# [TASK DETAILS]
Full transcription, minus images: write out the listing below exactly as it appears.

# [DATASET CONTENT]
================
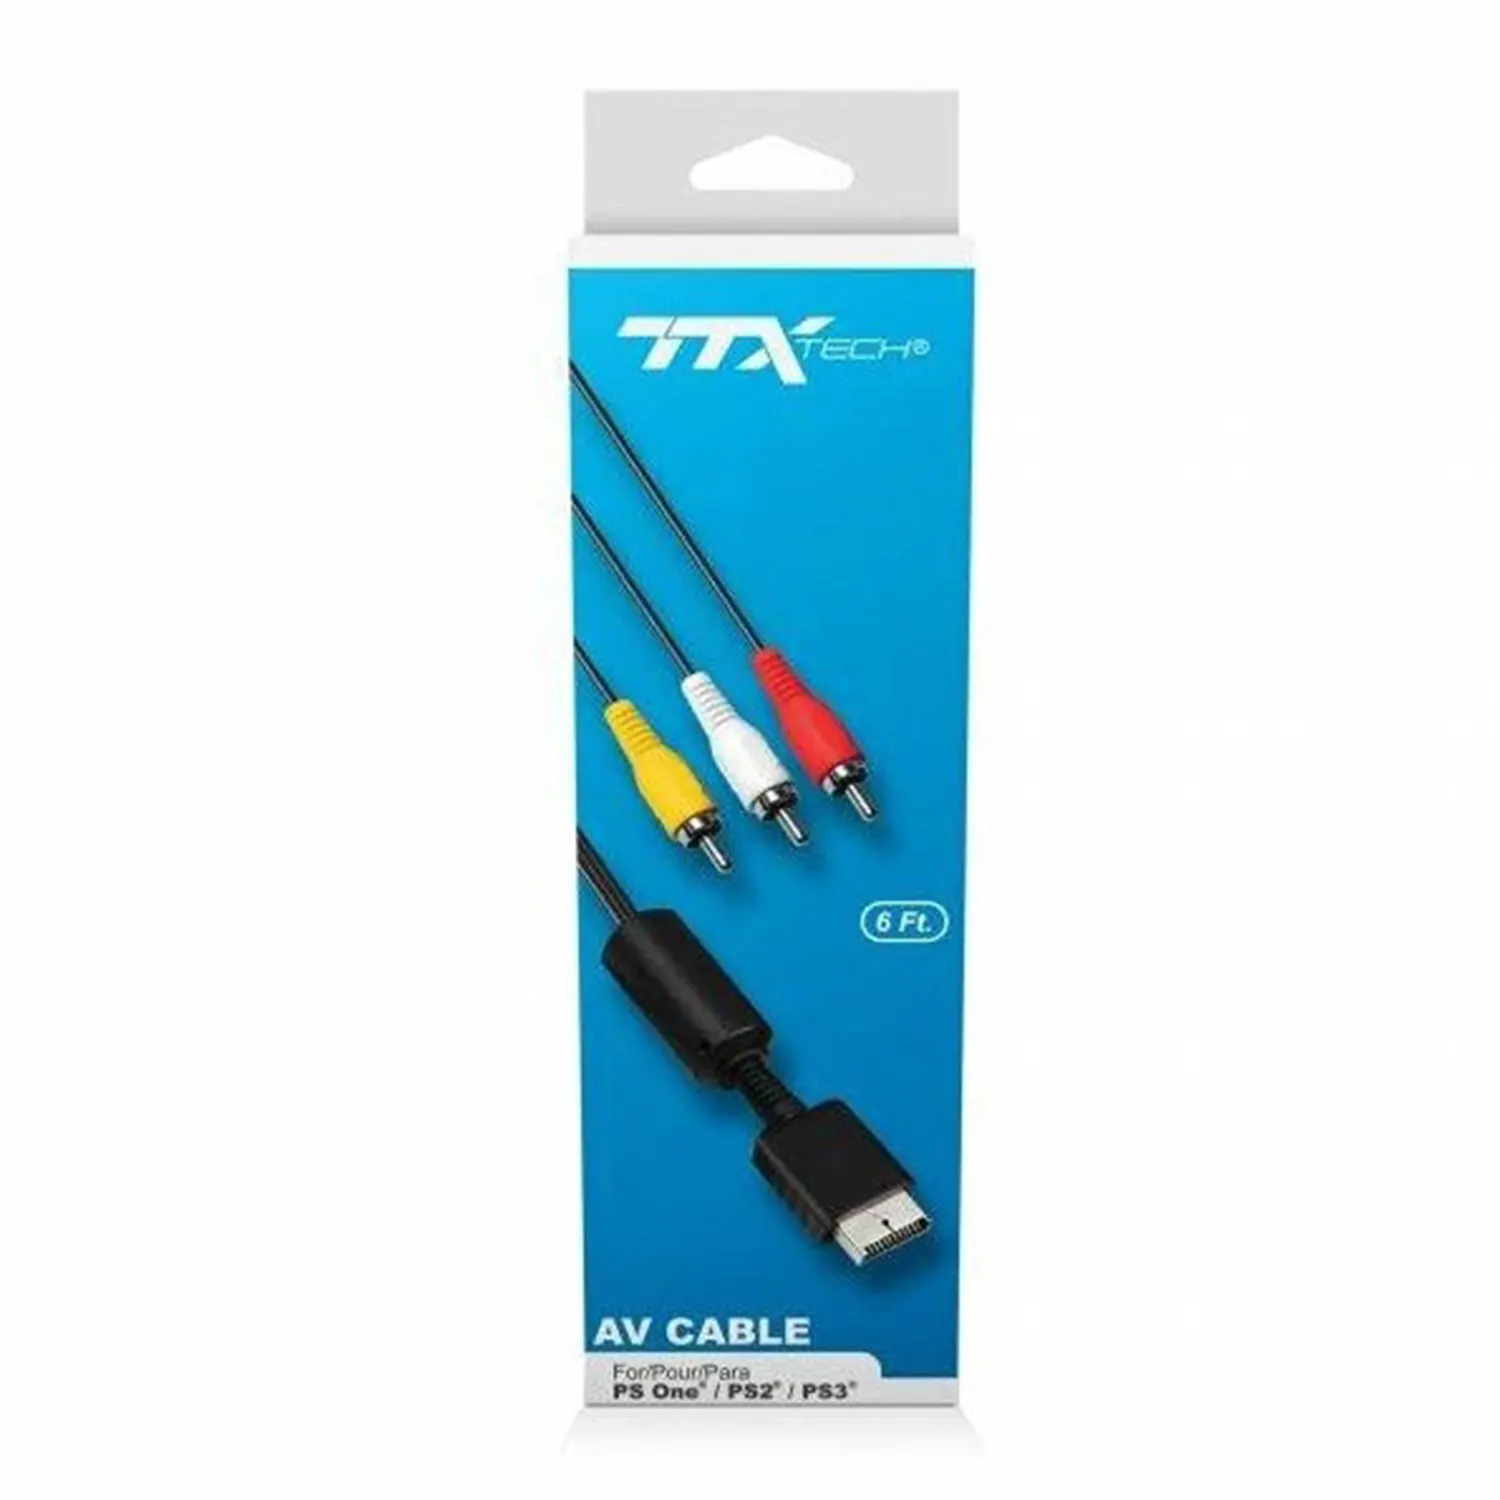 TTX Tech Cable de audio y video para Playstation 1, 2 y 3
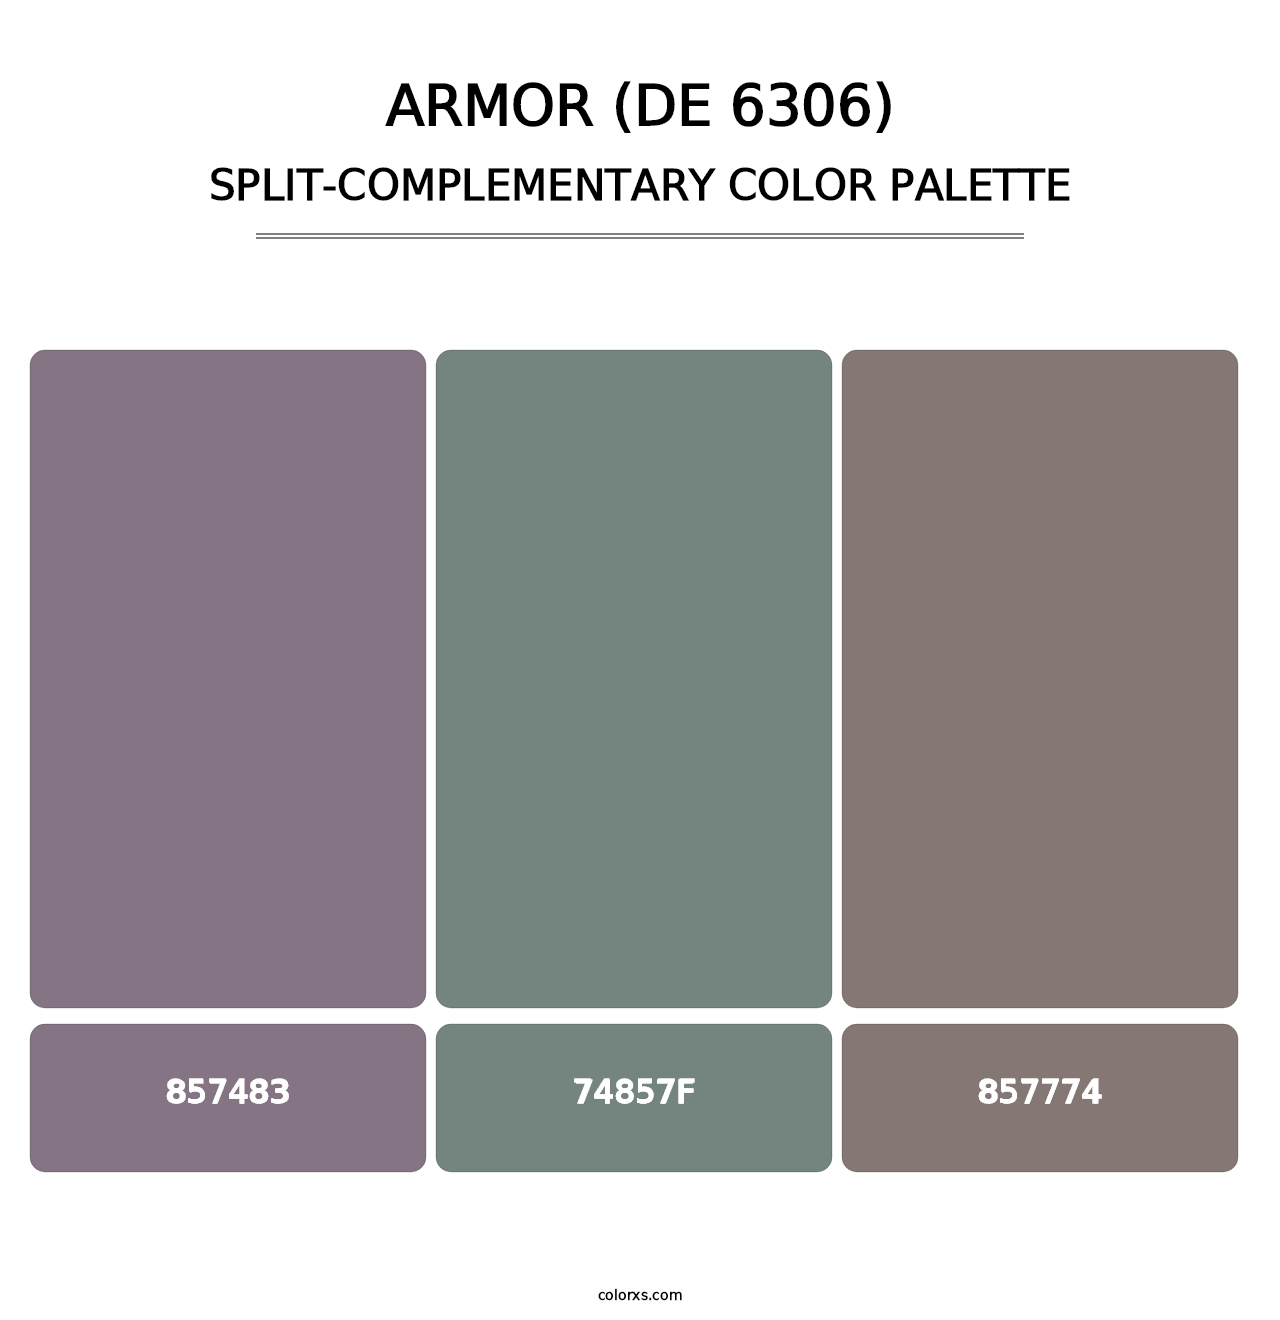 Armor (DE 6306) - Split-Complementary Color Palette
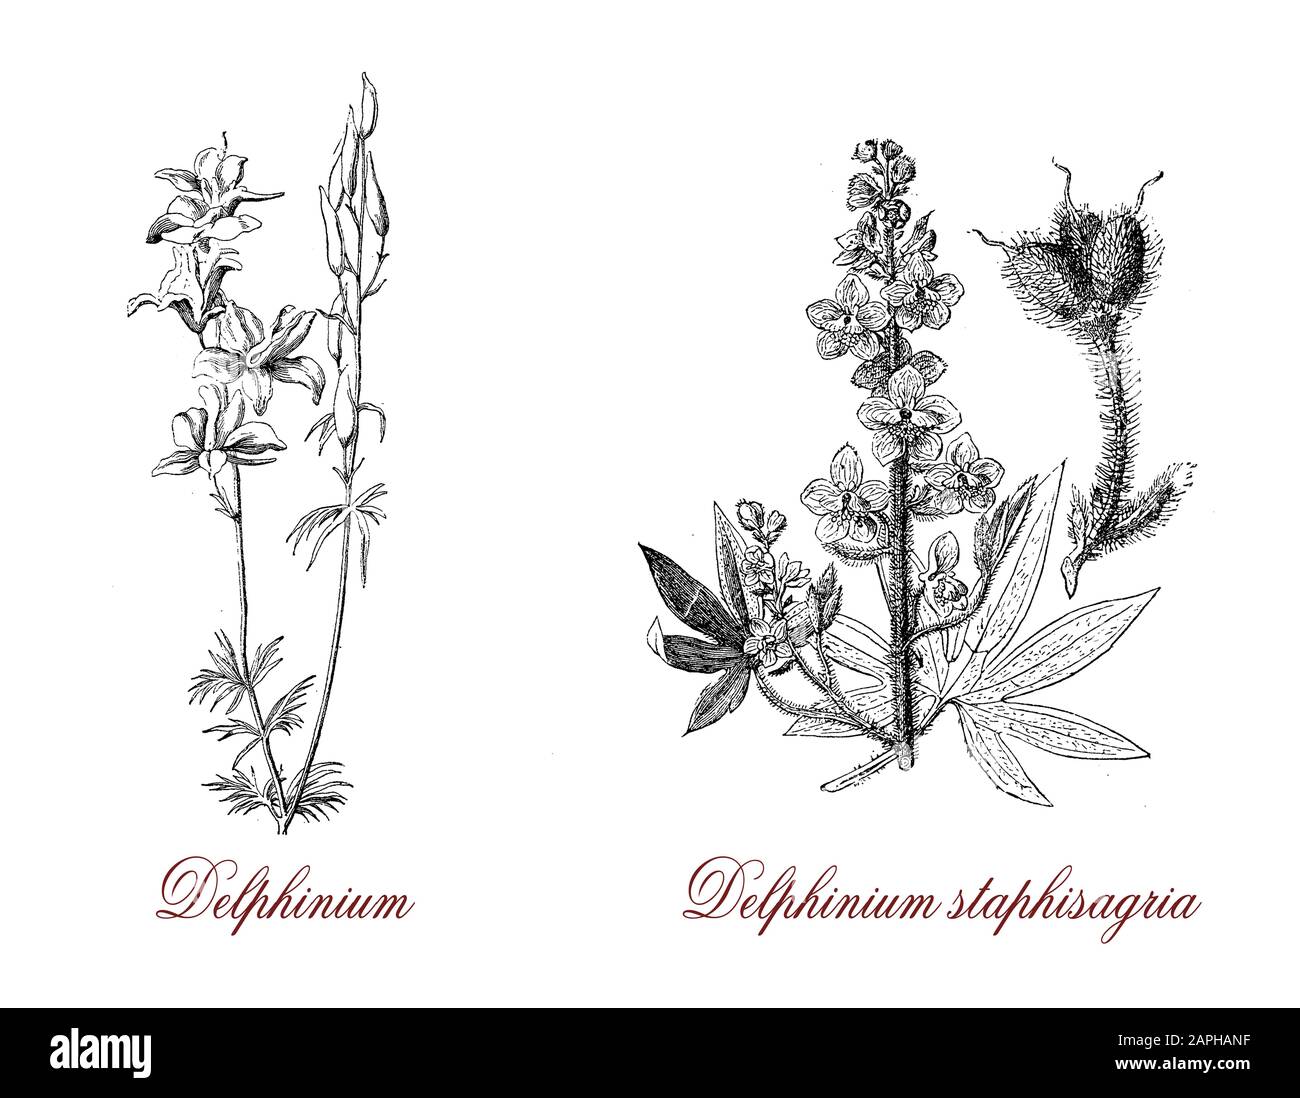 Delphinium staphisagria ou larkspur est une espèce de Delphinium, les fleurs sont bleu mauve, la plante très toxique, utilisée comme émétique et vermifuge Banque D'Images
================
# [SOLUTION FOR THIS EXERCISE]
 TTX Tech Cable de audio y video para Playstation 1, 2 y 3
 Armor (DE 6306) - Split-Complementary Color Palette
 Delphinium staphisagria ou larkspur est une espèce de Delphinium, les fleurs sont bleu mauve, la plante très toxique, utilisée comme émétique et vermifuge Banque D'Images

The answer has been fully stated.